Gülerek yerden kalktım. Ağabeyim de ardımdan kalkınca Arda'yı kollarından tutup havaya kaldırdım ve Uğur ağabeyimin omuzlarına oturttum. "Sana iki ayaklı motosiklet buldum." dediğimde gülerek ağabeyimin saçlarını kavradı.
"Hadi gazla o zaman." dediğinde diğeri uyum sağladı ve yemek odasına doğru koşarak gittiler.
Babam yanıma geldiğinde kolu omzuma sarıldı. "Seni böyle görmek beni de mutlu ediyor. Aslan farkında olmadan bana büyük bir iyilik yaptı. Hülya'nın böyle kolay kabulleneceğini bilsem daha erken söylerdim."
"Ama sana hala tavırlı." dedim başımı omzuna dayayarak.
"Eh, o kadarını da hak ettim değil mi? Biraz nazını çekeyim."
Yemek odasına doğru adımladık ve yerlerimize oturduk. Arda beni görür görmez heyecanla "Hala motosikletinle beni gezdirsene." demişti.
"Olur." dedim.
Yiğit ağabeyim hemen araya girdi. "Gece gece ne işiniz var dışarıda!
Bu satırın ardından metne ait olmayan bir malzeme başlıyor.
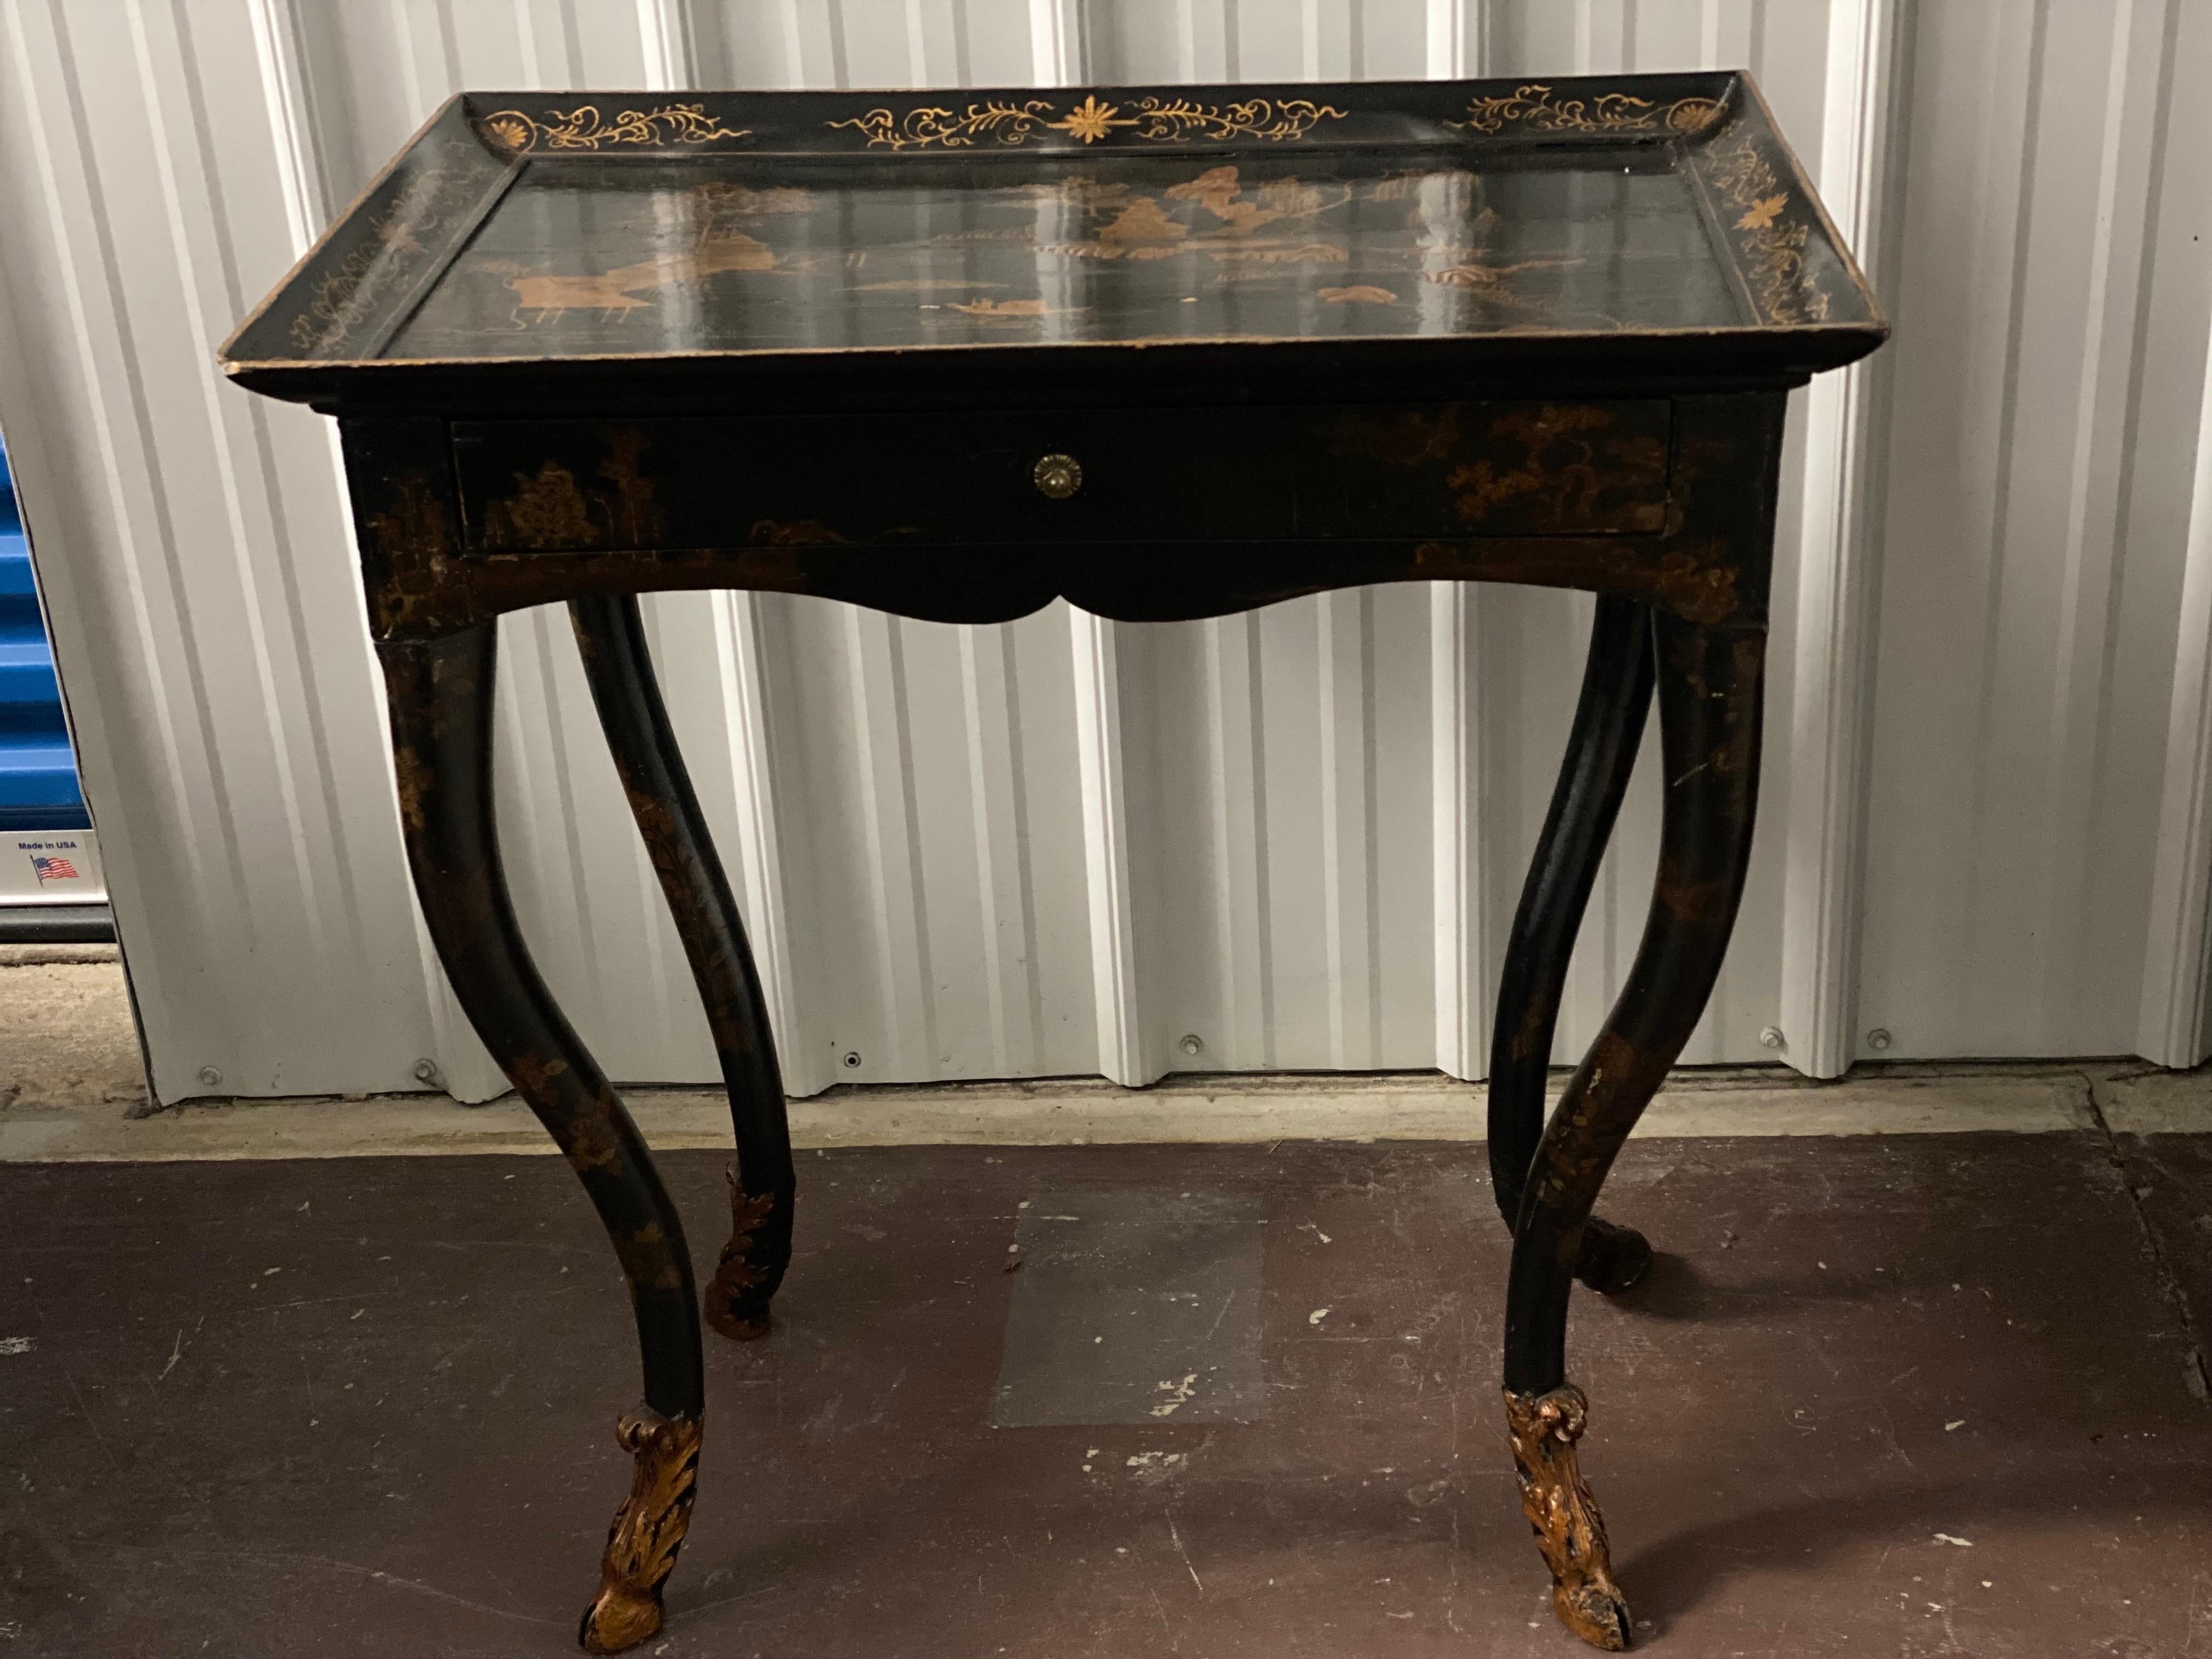 18th C. Venetian Rococo Black Lacquered Japanned Table sourced by Parish Hadley.  A charming black lacquered table with Japanning in gold paint to the top and sides. A single drawer. Rococo curved legs end in gilded hoof foliage feet. Sourced by

Gündüz çıkarsınız."
"Ama sen istediğin zaman çıkıyorsun evden." diye babasına sitem gönderdi ufaklık.
"Arda!" diye sert bir dille uyarınca hemen yüzü asıldı.
Eğilip kulağına fısıldadım. "Gündüz çıkarsak dondurmacı açık olur."
Sitemli hali anında mutluluğa döndü. Babam ağabeylerime bakarak, "Ali meselesini ne yaptınız?" diye sordu.
Yiğit ağabeyim cevap verdi. "Malları bize vermemekte kararlı."
Babam "İkna etmenin yolunu bulun." derken bakışları bana döndü. "Malum artık Afet çalışmıyor. Kendiniz halledeceksiniz."
"Bahsettiğiniz adam şu pala bıyıklı olan Ali mi?" diye sordum. Sorumu Uğur ağabeyim başıyla onayladı. Yiğit ağabeyime baktım. "Adamı alıkoy, onun o pala bıyıkları takma, saçları da peruk. Kendisi kel ama bu durumundan nefret ediyor ve duyulacak diye ödü kopuyor. O haliyle birkaç fotoğraf çek ve istediğini elde et. Sizin için bunu kolaylıkla sessiz sedasız yapardım ama Hülya anne malum çalışmama izin vermiyor." dedim rahatlıkla.
Hülya anne yerinde kıpırdanırken Uğur ağabeyim, "Sen eksik kal." dedi sertçe. Ona verdiğim o fotoğraflardan sonra hala bu konulara fazla tepkiliydi.
"Takma olduğunu nereden biliyorsun?" diye sordu Yiğit ağabeyim.
"Bir arkadaş zamanında kulağıma fısıldamıştı, benimle ilgisi yok." dedim ki öyleydi. Tamamen onunla takılan biri öyle laf arasında söylemişti.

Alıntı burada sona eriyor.